United States Court of Appeals
For the First Circuit
No. 99-1054
DAVID R. GREENLY,
Plaintiff, Appellant,
v.
MARINER MANAGEMENT GROUP, INC., ET AL.,
Defendants, Appellees.
APPEAL FROM THE UNITED STATES DISTRICT COURT
FOR THE DISTRICT OF MAINE
[Hon. D. Brock Hornby, U.S. District Judge]
Before
Selya, Circuit Judge,
Cyr, Senior Circuit Judge,
and Boudin, Circuit Judge.
Michael X. Savasuk on brief for appellant.
Robert J. Murphy and Holbrook & Murphy on brief for appellees.
September 21, 1999
SELYA, Circuit Judge. This appeal arises out of the
sinking of a 65-foot fishing trawler, the F/V MISS PENELOPE, off
the Maine coast. The incident spawned a wrongful death claim on
behalf of a crew member who was lost at sea, a bodily injury claim
by an injured seaman, and a claim by plaintiff-appellant David
Greenly (the owner of the vessel) for property damage. The
defendants, Mariner Management Group, Inc. and Clarendon Insurance
Co. (collectively, "Mariner" or "the insurer"), paid the bulk of
Greenly's claim but withheld $34,370 as a coinsurance penalty
applicable to payments made to settle the seamen's claims under the
protection and indemnity (P&I) provisions of Greenly's policy.
Asserting admiralty jurisdiction, see 28 U.S.C.

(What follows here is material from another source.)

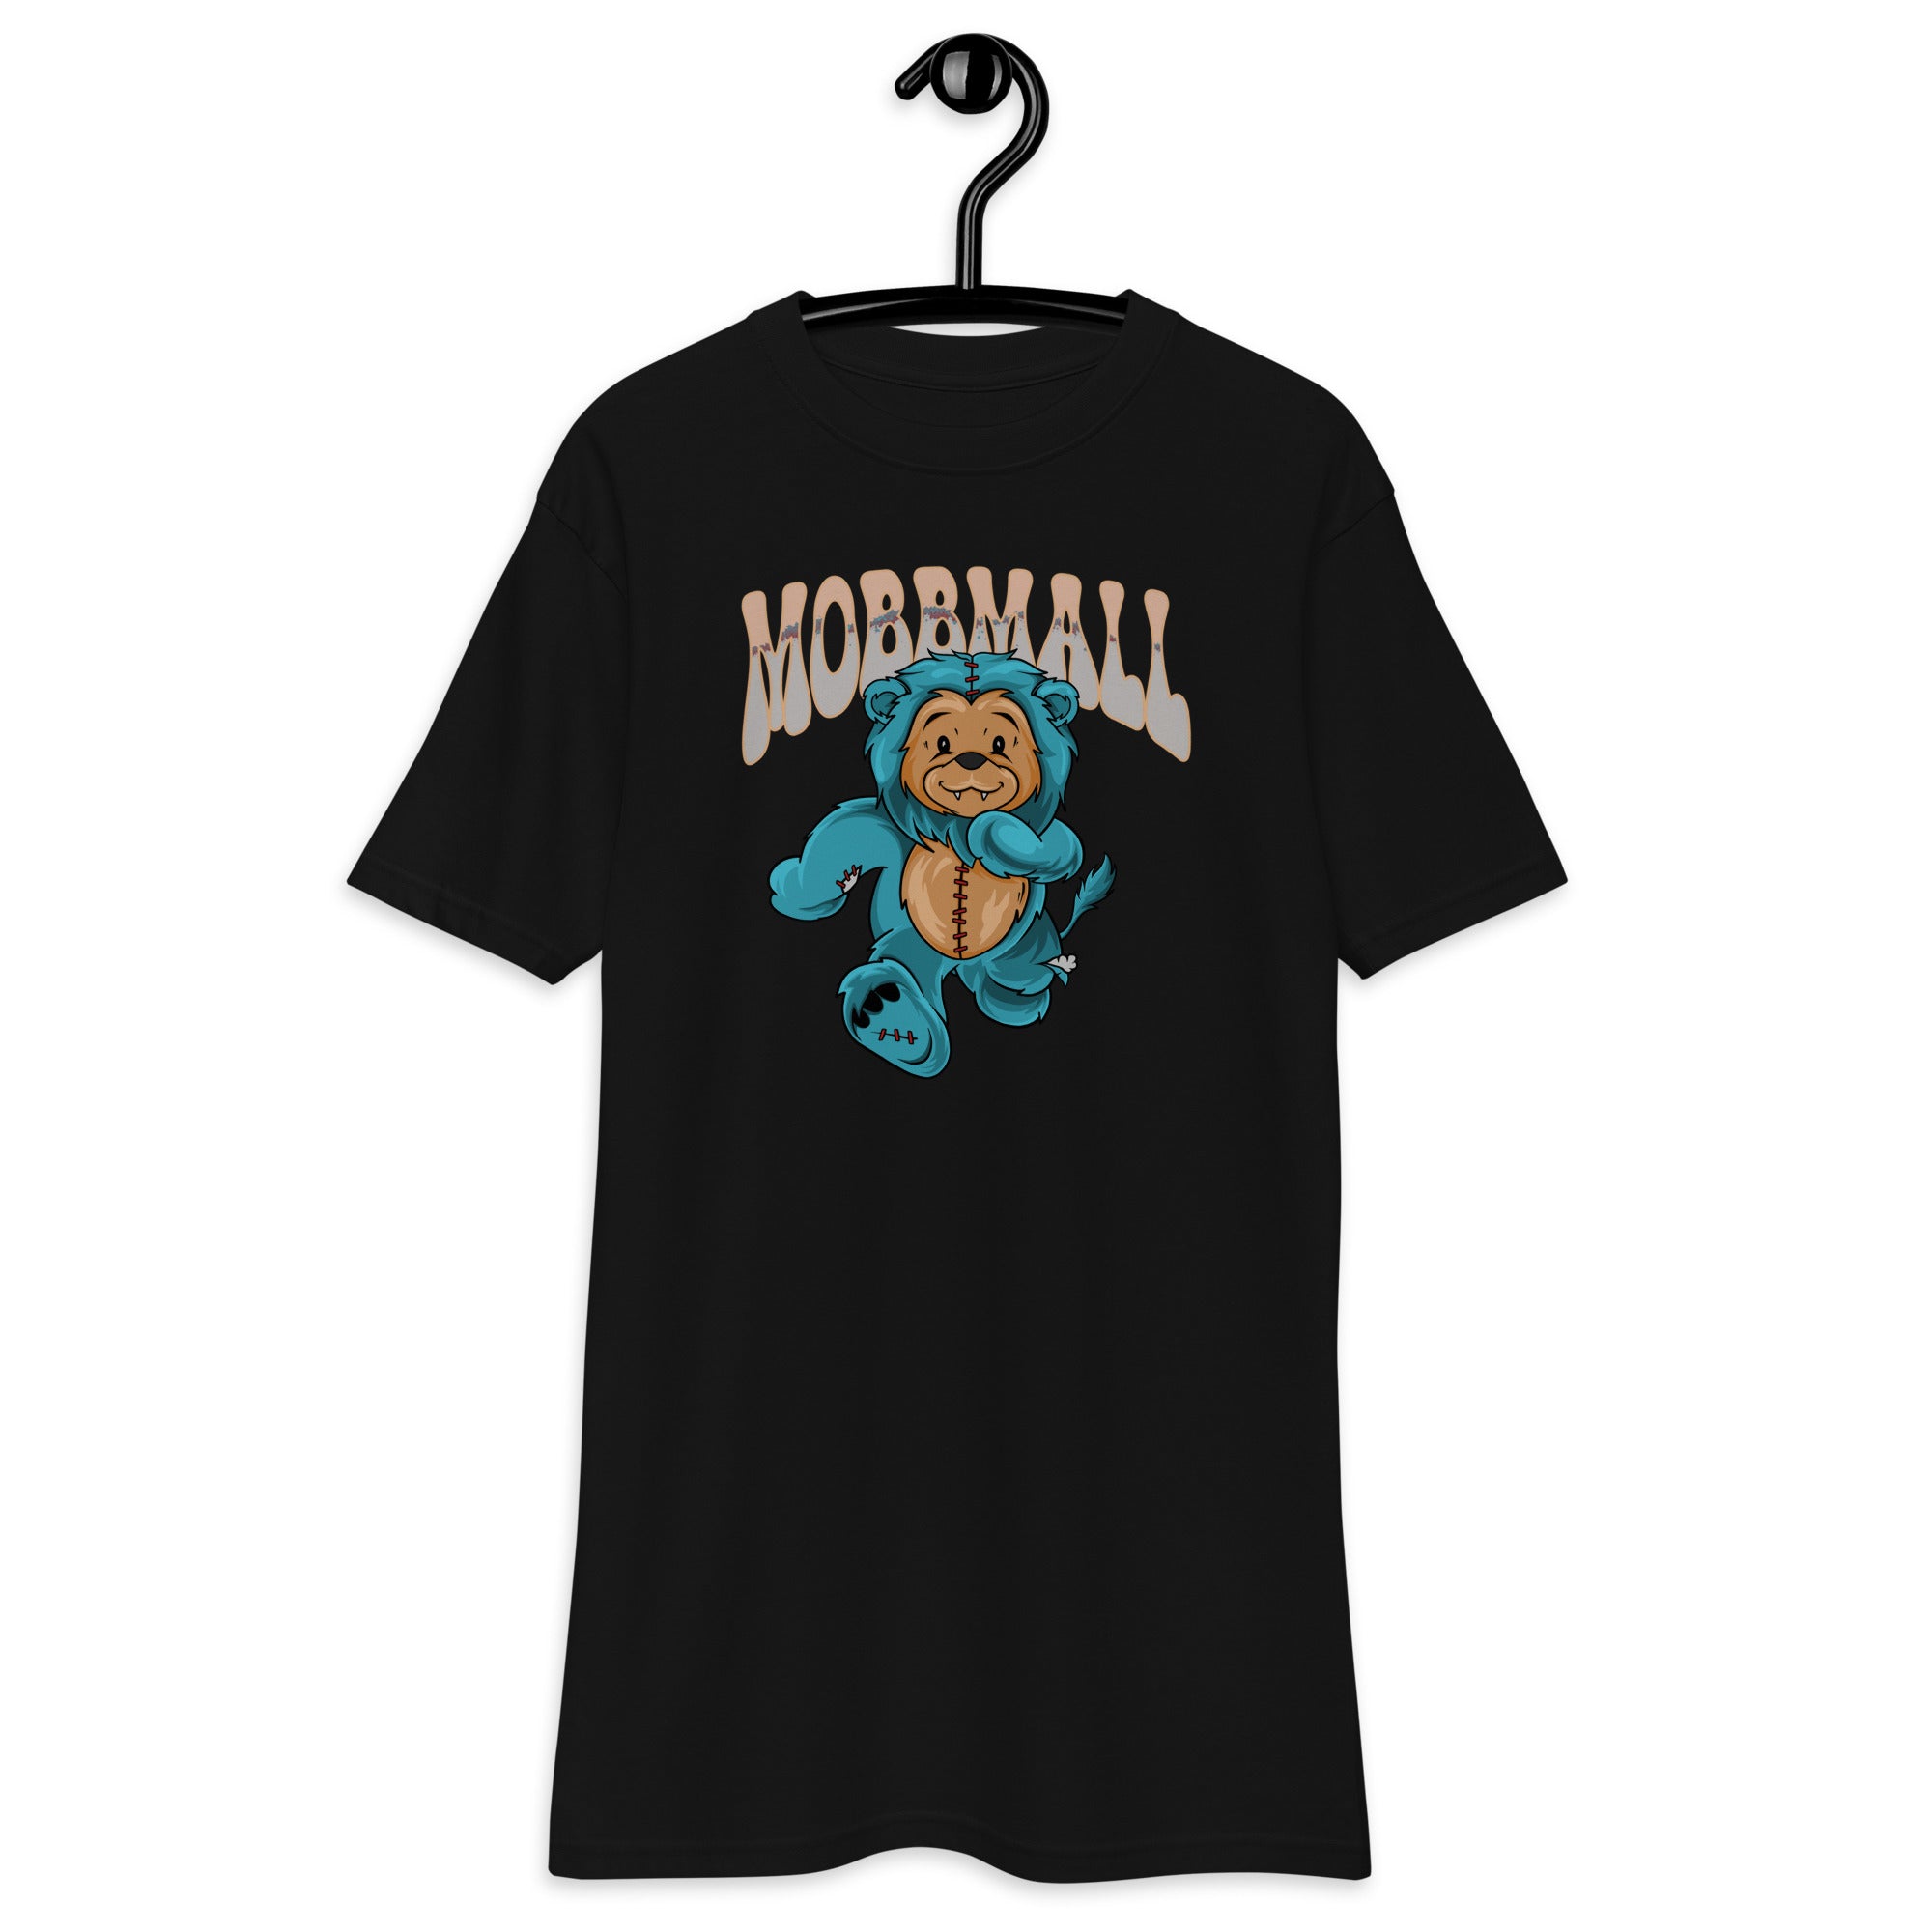 MOBBMALLMen’s premium heavyweight tee - MobbMall
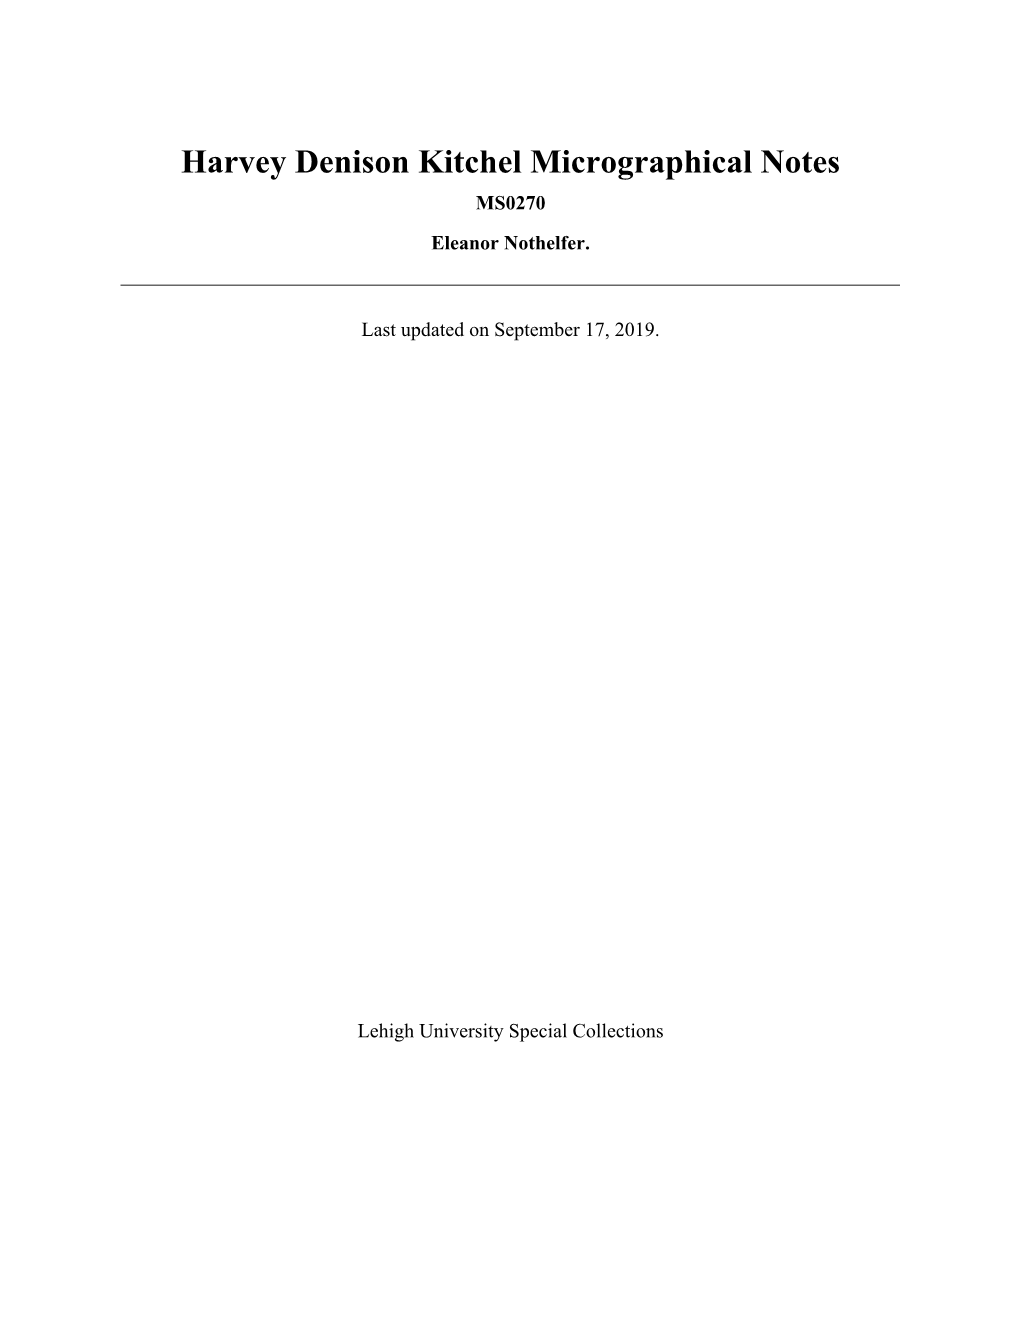 Harvey Denison Kitchel Micrographical Notes MS0270 Eleanor Nothelfer

1333(1), Greenly sued in the federal district court to recover the
withheld amount. The case was heard on cross-motions for summary
judgment. A magistrate judge recommended that judgment enter in
Greenly's favor. Mariner objected. The district court disagreed
with the magistrate's recommendation in relevant part, concluded
that Mariner's position was well-taken, and granted its motion for
brevis disposition. See Greenly v. Mariner Mgmt. Group, Inc., Civ.
No. 98-130-P-H, slip op. (D.Me. Sept. 23, 1998) (unpublished). We
reverse.
The essential facts are not in dispute. Greenly had
fished the MISS PENELOPE out of Portland for several years prior to
the mishap. Although he captained the vessel throughout that
period, he decided to take an impromptu sabbatical in the fall of
1997. He appointed a member of the crew, Brian Morse, to serve as
captain an action that the policy allowed him to take without
permission from, or notification to, the insurer. Morse's stint as
captain was brief, for the vessel sank in heavy weather just a few
months later. Of the four men aboard when she went down, one was
lost and one was injured.
Greenly learned of the sinking on January 28, 1998, and
immediately reported it to the insurer. Mariner balked at paying
the wrongful death and bodily injury claims in full when it learned
that four men were aboard the ship at the time of the accident. It
cited the insurance policy's Crew Warranty clause, asserting that
this clause contemplated a maximum of three crew members; and that,
although the insured retained the right to add crew members, he
could only assure full coverage by notifying the insurer before the
fact and paying a premium surcharge, neither of which Greenly had
done. Since the accident occurred with more than three men on
board, Mariner reduced P&I payments in proportion to the ratio
between what it considered to be the stated and actual number of
crew members. It accomplished this reduction by withholding the
calculated amount from the payment due to Greenly under the
policy's first-party coverage on the vessel's hull and machinery.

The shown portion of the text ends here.